Be grateful and helpful.

Peace
Brad


----------



## kuan (Jun 11, 2001)

That's a nice thought. Happy New Year Maestro.

Peace


----------



## ma facon (Dec 16, 2004)

HAPPY NEW YEAR !!! and many more to come , Stay healthy , wealthy and wise............ :chef:


----------



## pete (Oct 7, 2001)

To all the CT'ers out there, I wish you all the best in the upcoming year. May your lives be blessed with peace, love, happiness and health.


----------



## miahoyhoy (Jul 23, 2002)

Happy and healthy new year all!


----------



## chrose (Nov 20, 2000)

I couldn't say it any better myself.
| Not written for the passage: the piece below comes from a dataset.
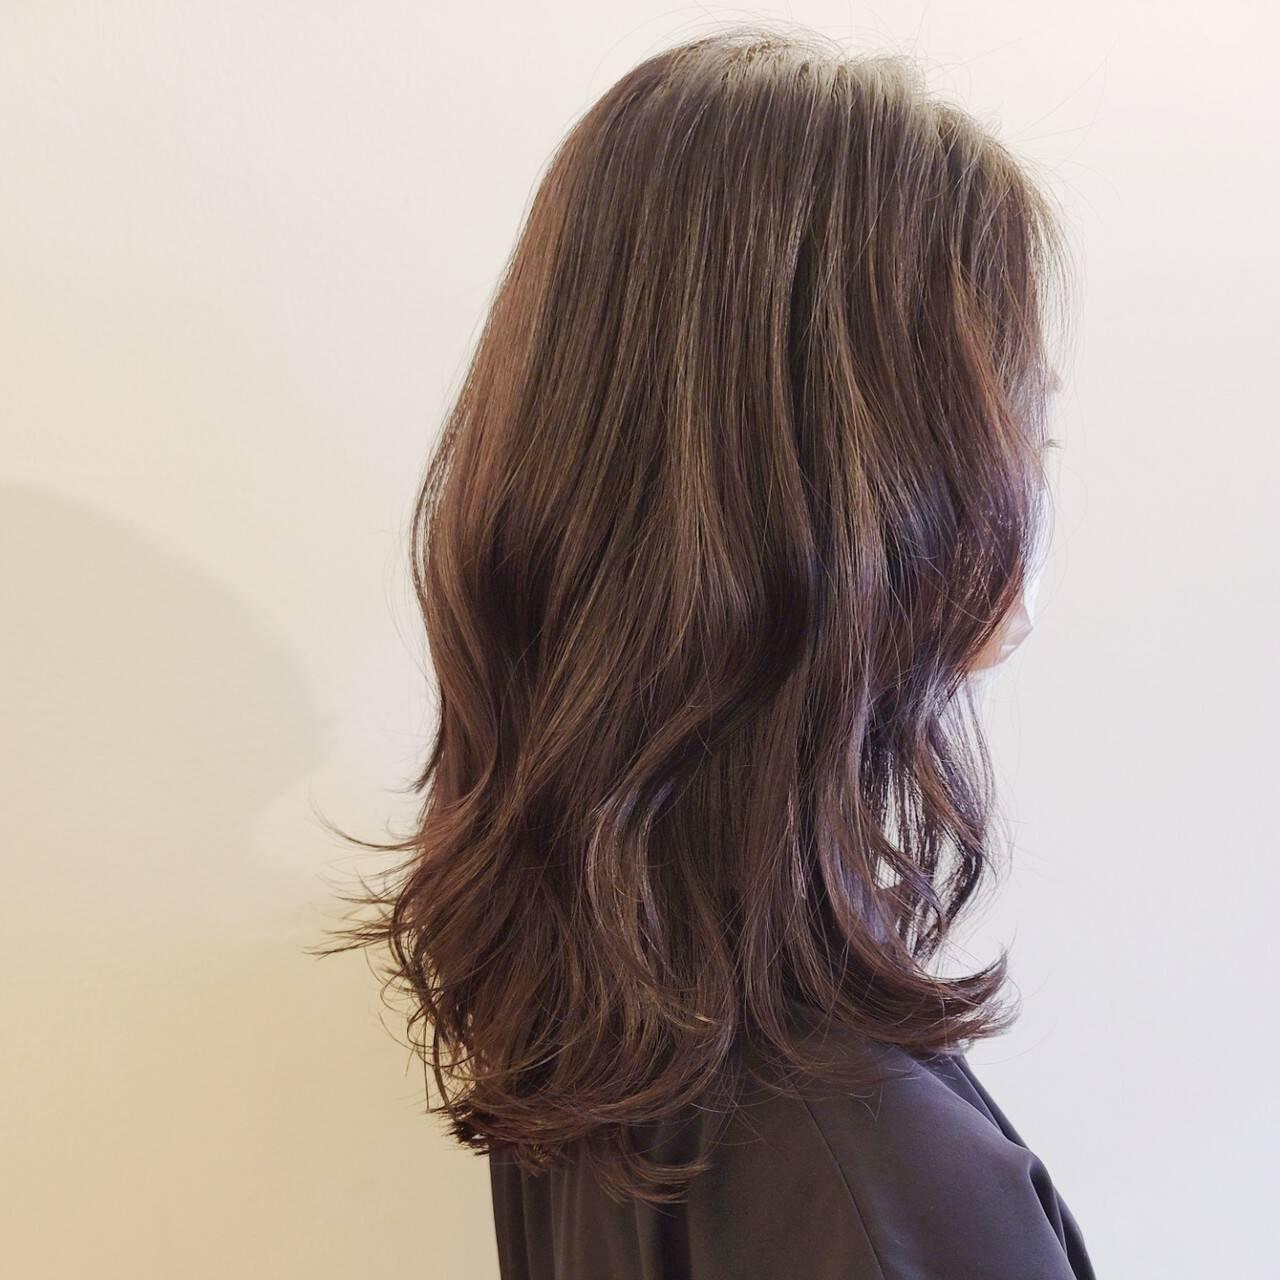 TOKIOトリートメント 大人女子 セミロング 最新トリートメントヘアスタイルや髪型の写真・画像
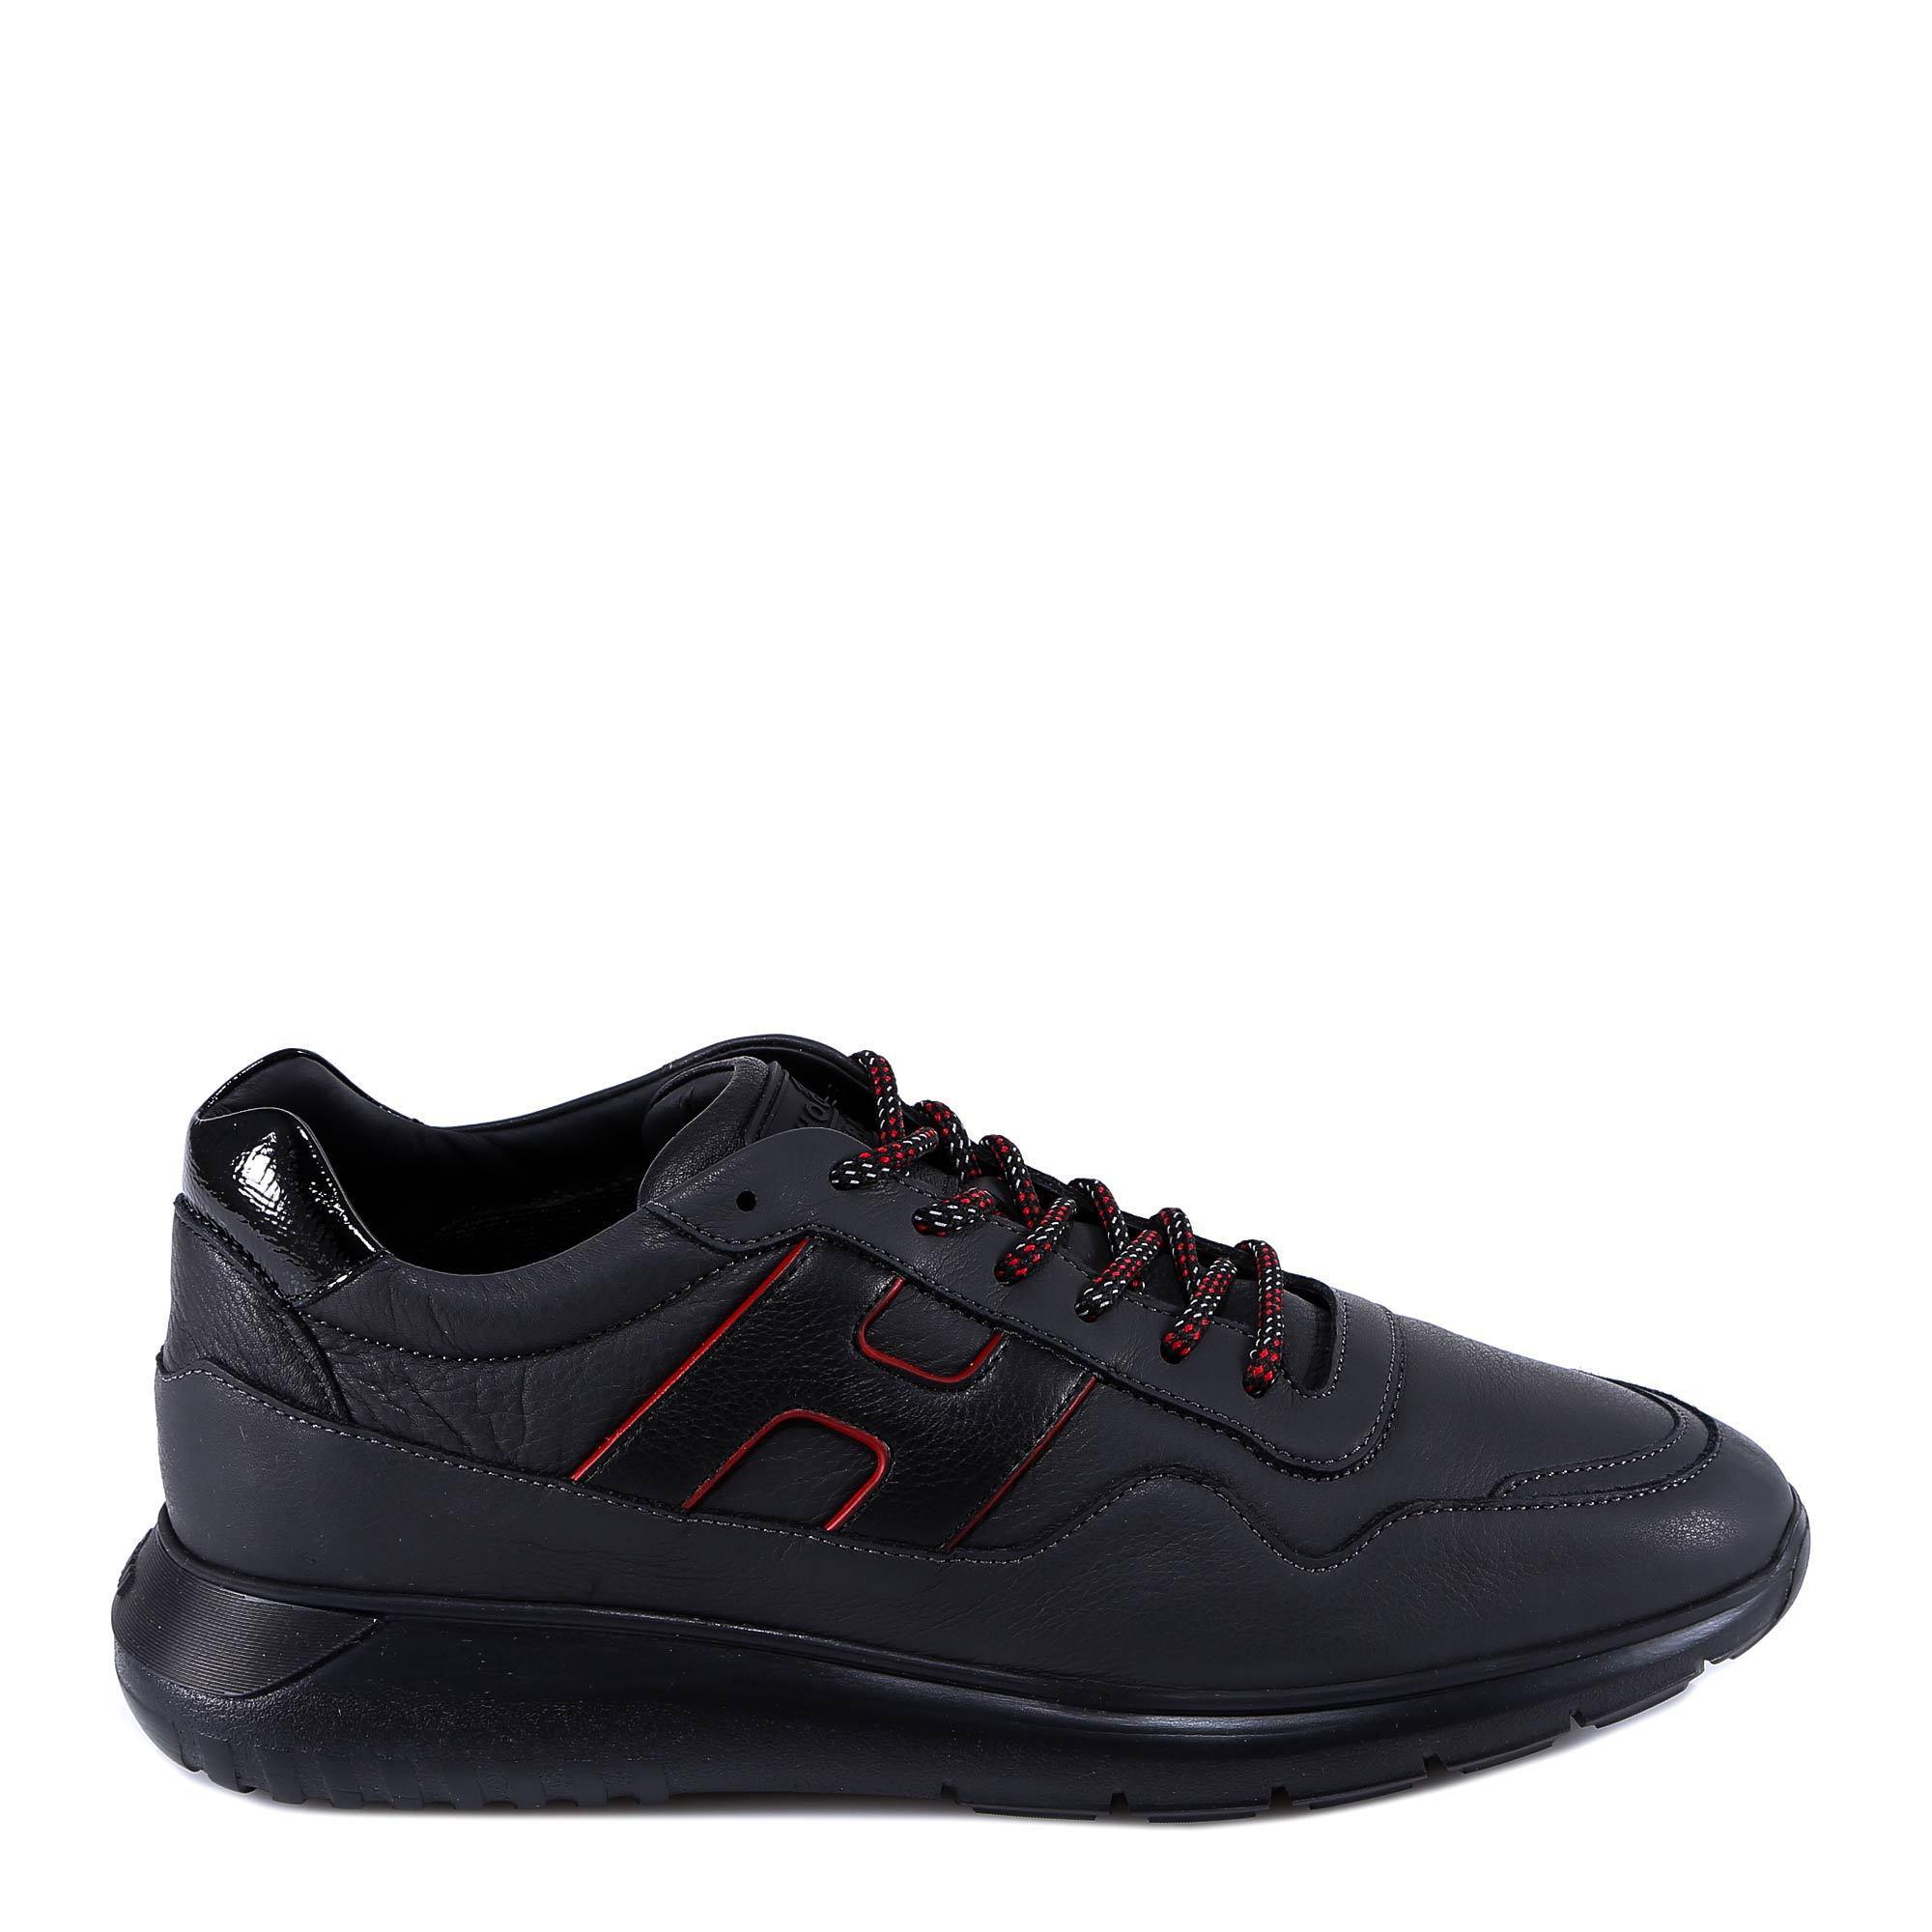 ad25ff9b206 Hogan Interactive 3 Sneakers in Black for Men - Lyst

I wish all of you a happy, healthy and prosperous new year!


----------



## jock (Dec 4, 2001)

We all of us suffer some trials and tribulations in our daily lives; some more than others.

On New Year's eve I made some crab cakes with roasted yellow pepper vinaigarete (sp?) and corn relish. We had a friend over for dinner and we enjoyed a bottle of champaigne with our crab cakes. At close to midnight here in San Francisco the rain had stopped for a while and down by the Bay the fire works started.

At that time I became accutely aware that half way around the world, millions are stuggling to survive from one end of the day to the other after the tradegy of the Tsunami. We raised a glass to their peace and health and to the others around the world whose daily lives are a simple struggle to survive.

Peace and health to you all.

Jock


----------



## mezzaluna (Aug 29, 2000)

To everyone, a year of peace and good health. The rest is extra.


----------